With the paper A Cross-Disciplinary Approach to Education in the Arts and Humanities, Kurt Koegel defended his self-designed degree program in Dance, Design and Communication at the University of Minnesota. Since 1988 he has lived and worked in Europe, teaching for festivals, schools and dance companies including Ultima Vez, Rosas, PARTS, SNDO, EDDC, SEAD, and Korean Nat. Univ. of Arts. He currently directs and teaches in the Masters Program in Contemporary Dance Pedagogy (MAztp) at the HfMDK, Frankfurt. “I am constantly seeking to expand my base of knowledge by research and practice. My work synthesizes influences from the fields of Architecture, Yoga, Pilates, Feldenkrais, and Body-Mind Centering – and equally rock climbing, swimming, and running. My enthusiasm is directed towards finding more effective ways of teaching performance-oriented, contemporary dance forms that are informed by understandings of the natural and social environment.” firstname.lastname@example.org
 http://en.wikipedia.org/wiki/Tensegrity, and http://www.knowledgerush.com/kr/encyclopedia/Tensegrity/ on 17 March 2006 In mechanics and biomechanics, tensegrity or tensional integrity is a property of objects with components that use tension and compression in a combination that yields strength.
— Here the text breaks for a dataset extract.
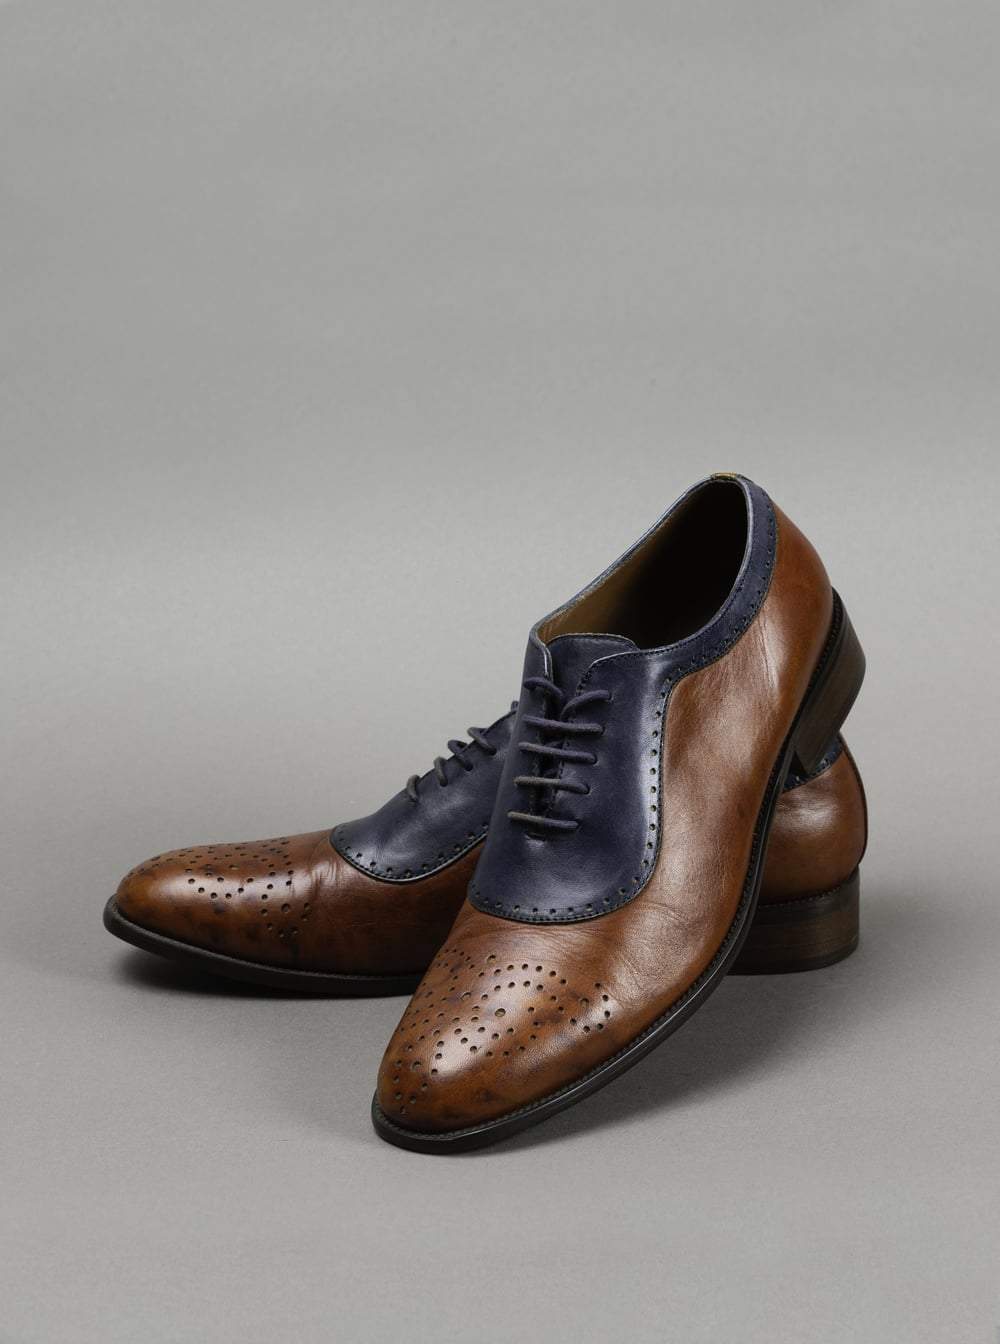 Brown And Blue Bespoke Shoe

Tensegrity is the pattern that results when push and pull have a win-win relationship with each other. The pull is continuous and the push is discontinuous. The continuous pull is balanced by the discontinuous push producing an integrity of tension – compression. Buckminster Fuller explained that these fundamental phenomena were not opposites, but complements that could always be found together. He further explained that push is divergent while pull is convergent. Tensegrity is a pair, like many co-existing pairs, of fundamental physical laws – push and pull – compression and tension – repulsion and attraction.